CI — console (`ci-console.yml`)	Keep — already path-filtered to `console/**`
Antlers Next.js CI (`antlers-next-ci.yml`)	Keep — already path-filtered to `frontend/raxx-next/**`
iOS CI (`ios-ci.yml`)	Keep — already path-filtered to `ios/**`
Security OWASP ZAP (`security-zap.yml`)	Keep — path-filtered to `frontend/raxx-next/` + `backend_v2/api/`; note path was previously `frontend/trademaster_ui/` and has already been updated to raxx-next** — correct
Queue Docker smoke (`queue-docker-smoke.yml`)	Keep — no outer path filter but internal detect-job pattern handles it correctly
Terraform validate (`terraform-validate.yml`)	Keep — path-filtered to `terraform/**`
Queue vcpkg manifest check (`vcpkg-manifest-check.yml`)	Keep — path-filtered to queue Dockerfile

Path-filtered — correct, keep

These workflows trigger only when relevant paths change and behave correctly:

deploy-antlers-next-prod.yml, deploy-antlers-next-staging.yml, deploy-console.yml, deploy-velvet.yml, deploy-queue.yml, deploy-getraxx.yml, deploy-internal-docs.yml, deploy-customer-docs.yml, deploy-flag-docs.yml, deploy-mockups.yml, deploy-status-page.yml, deploy-status-worker.yml, deploy-support.yml, deploy-console-shim.yml, deploy-worker-waf-log-shipper.yml, lint-cf-access-headers.yml, lint-cf-tokens.yml, lint-cf-pages-deploy-uniqueness.yml, lint-workflow-secret-names.yml, review-app-console.yml, test-notify-deploy-status.yml

Scheduled — keep (firing meaningful output)

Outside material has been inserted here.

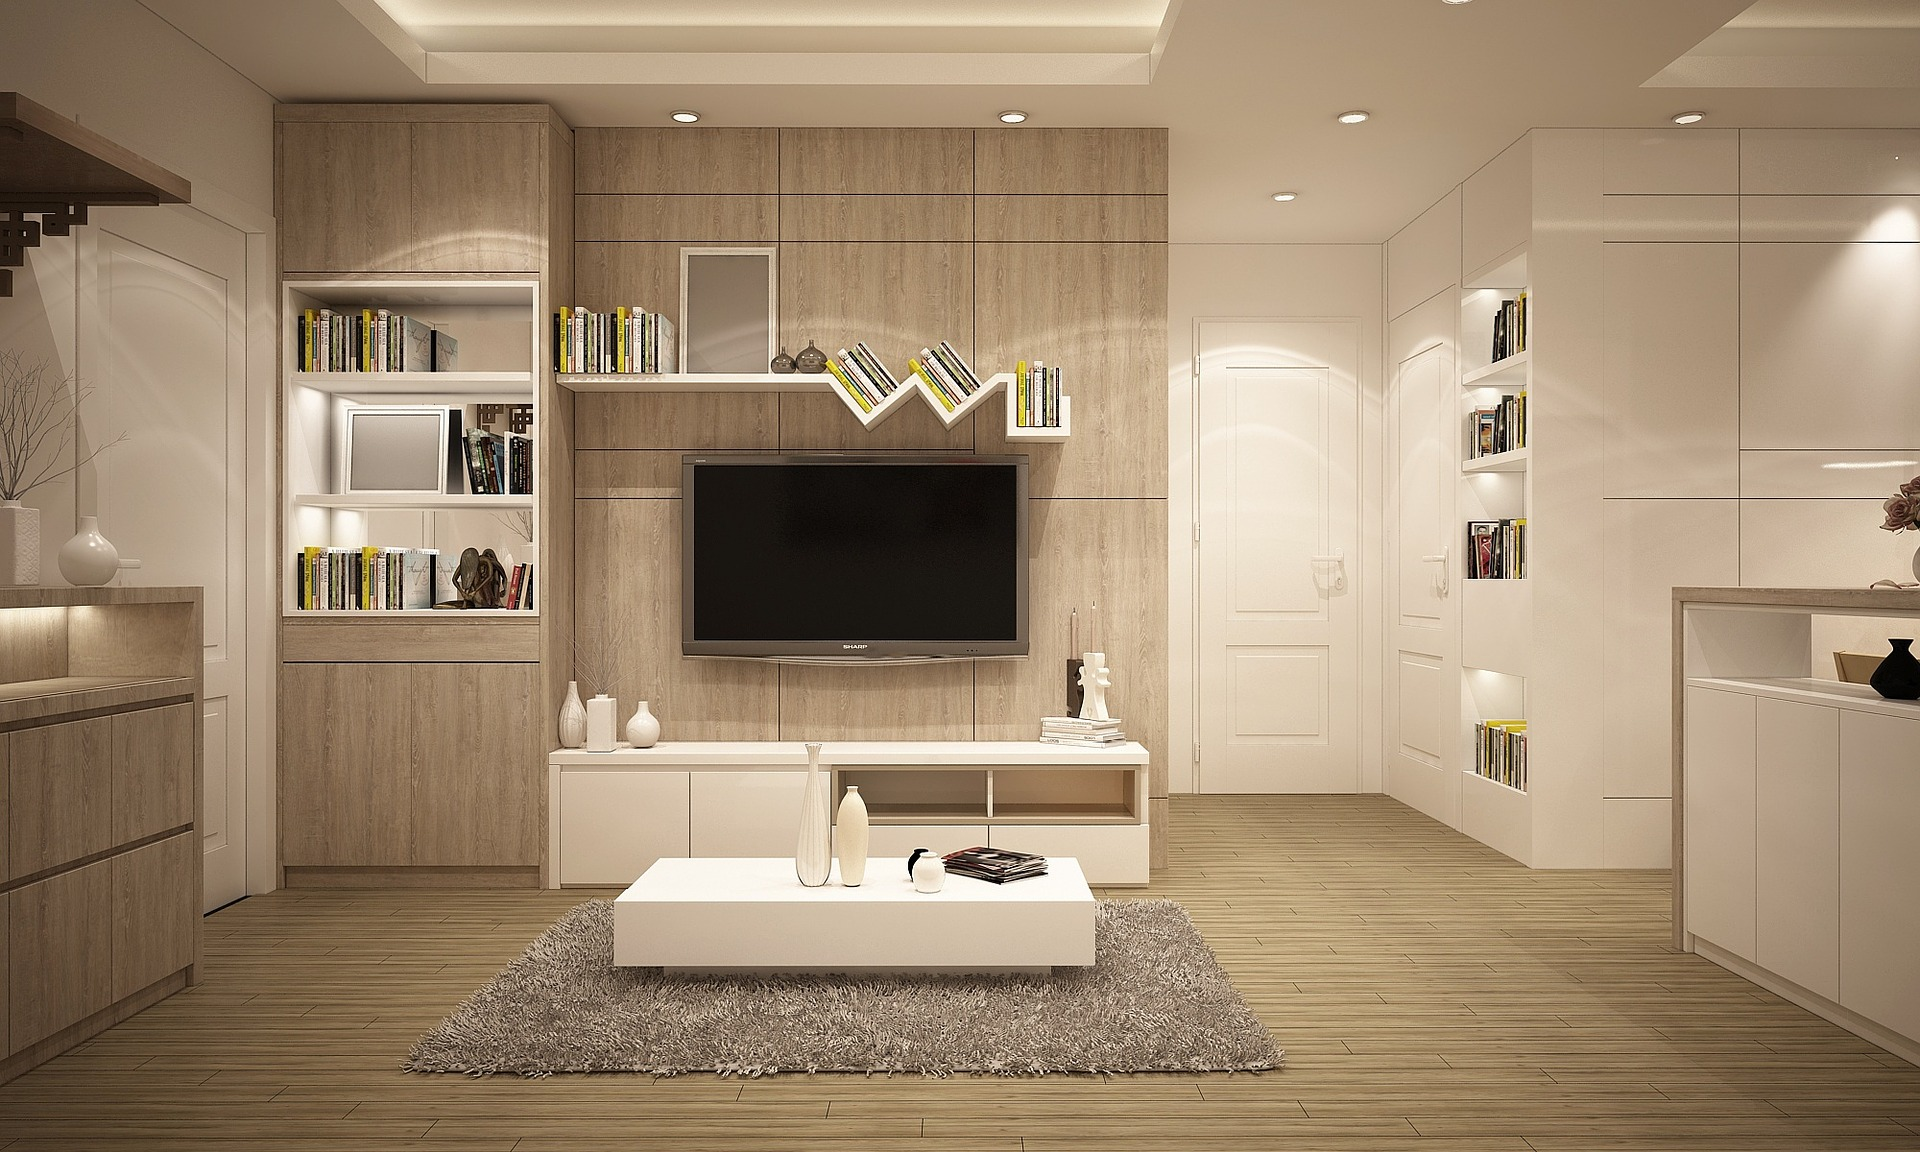 Resurfaçage d'armoire en bois
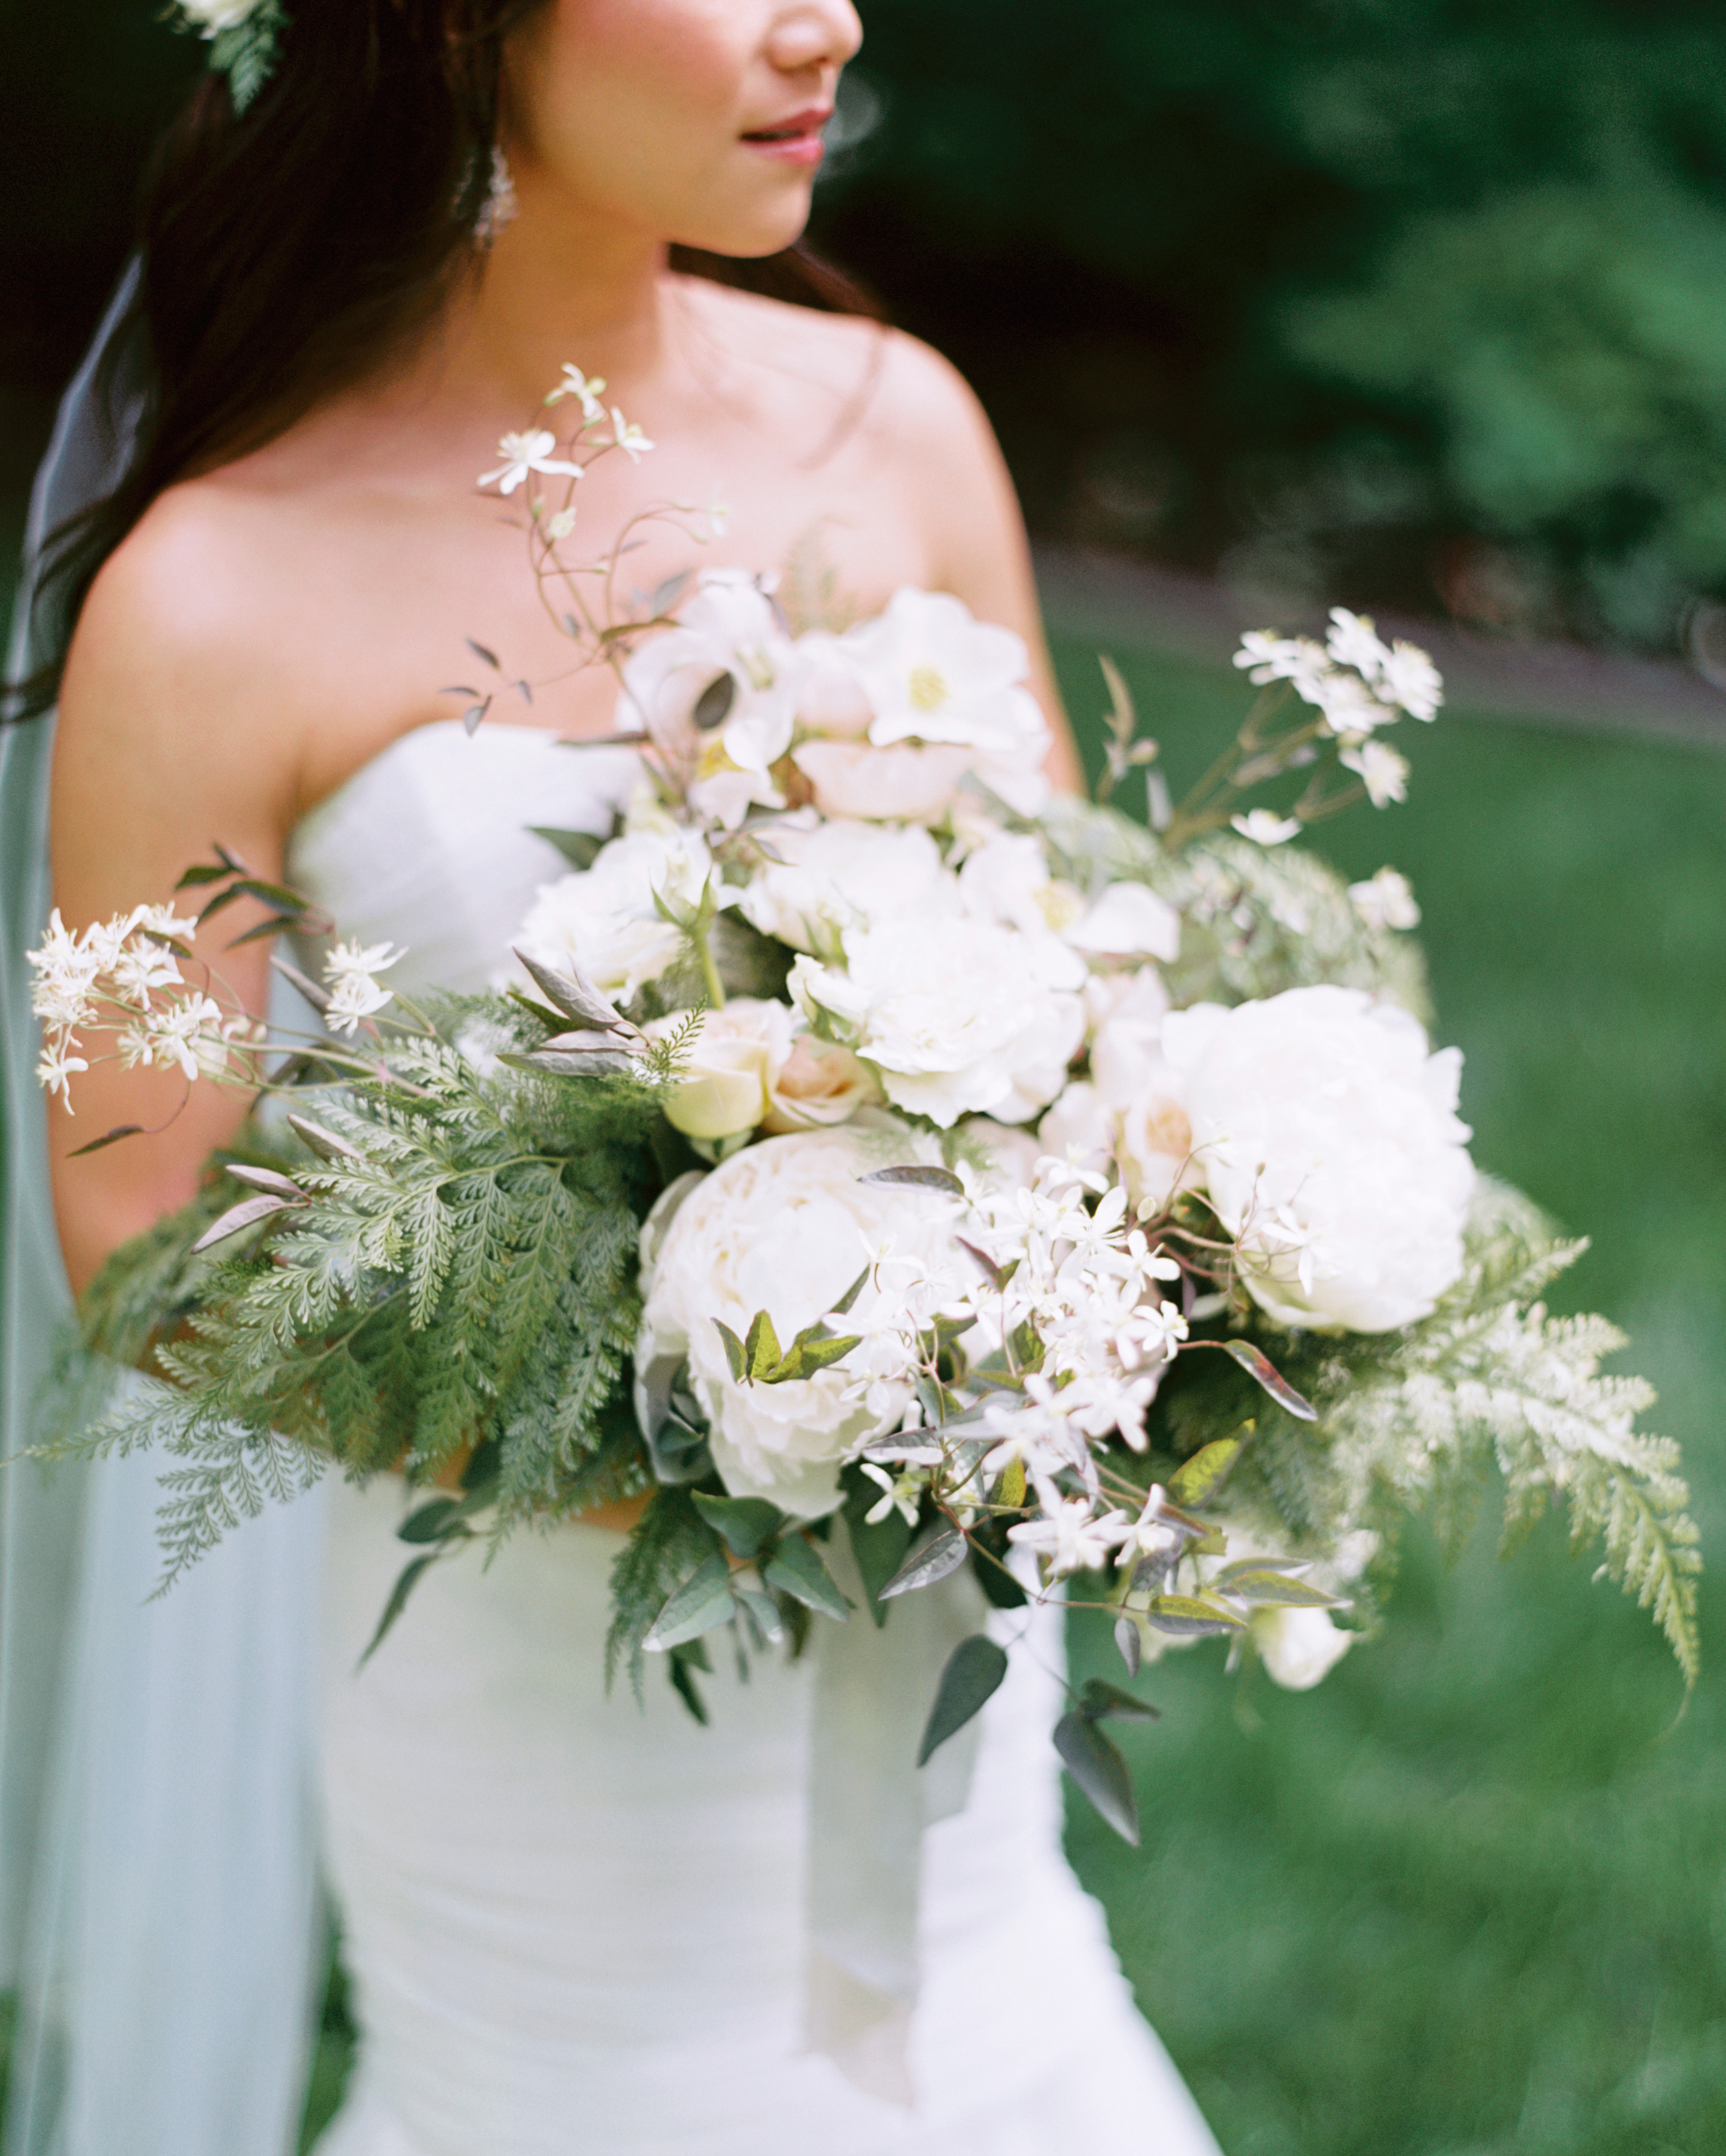 ally-adam-wedding-bouquet-008-s111818-0215.jpg

Workflow	Cron	Output quality
Alembic version drift check	daily 06:00	Functional — checks staging+prod migration heads
BCP vault snapshot daily	daily 07:00	Currently broken — operator-action, see §3
Bot token smoke	daily 06:30	Functional — 100% success
CI Digest daily	daily 07:00	Functional — digest posture per `feedback_pre_launch_digest_notifications`
Cron heartbeat monitor	daily 06:30	Functional — monitors other crons
Daily card groomer	daily 09:00	Functional — 100% success
Drift orchestrator cron	daily 06:00	Functional — 100% success
Flag drift check	every 4h	Functional — 100% success; consider relaxing to daily
FreeScout daily backup	daily 06:00	Functional — 100% success
Heroku config-var health	daily 05:00	Failing — real finding (staging REDIS_URL absent), see §3
Nightly Security Scan	daily 08:07	Partially functional — failing, see §3
Nightly 1-min bar cache warm	daily 22:00	Broken 100% — see §3
Nightly second-factor reminders	daily 14:00	Broken 100% — see §3
mbt-drift-daily	daily 23:00	Functional — 100% success
mbt-drift-per-symbol-weekly	Sun 23:30	Functional — no recent runs (correct, runs weekly)
mbt-resting-orders-cron	every 5 min weekday	Functional — 100% success; high cost (~344 min/month)
Queue zero-dyno monitor	every 15 min	Functional — 100% success; highest cost (~624 min/month)
Billing retention cron	daily 03:00	Broken 100% — related to Postgres migration, see §3
Trace integrity cron	daily 02:00	Broken 100% — see §3
WAF Synthetic Probes	weekday 14:00	Broken 100% — see §3
Tickets E2E smoke	scheduled	Broken 100% — see §3
E2E smoke (signup→onboarding)	scheduled + PR	Broken 100% — see §3
Synthetic Gate	weekday 13:00	Functional — 100% success
Terraform email-delivery-stack	daily 06:00 + path	Functional — 100% success

Dispatch-only — runs on demand, zero recurring cost

These fire zero recurring cycles. Keep all; they are on-demand tools.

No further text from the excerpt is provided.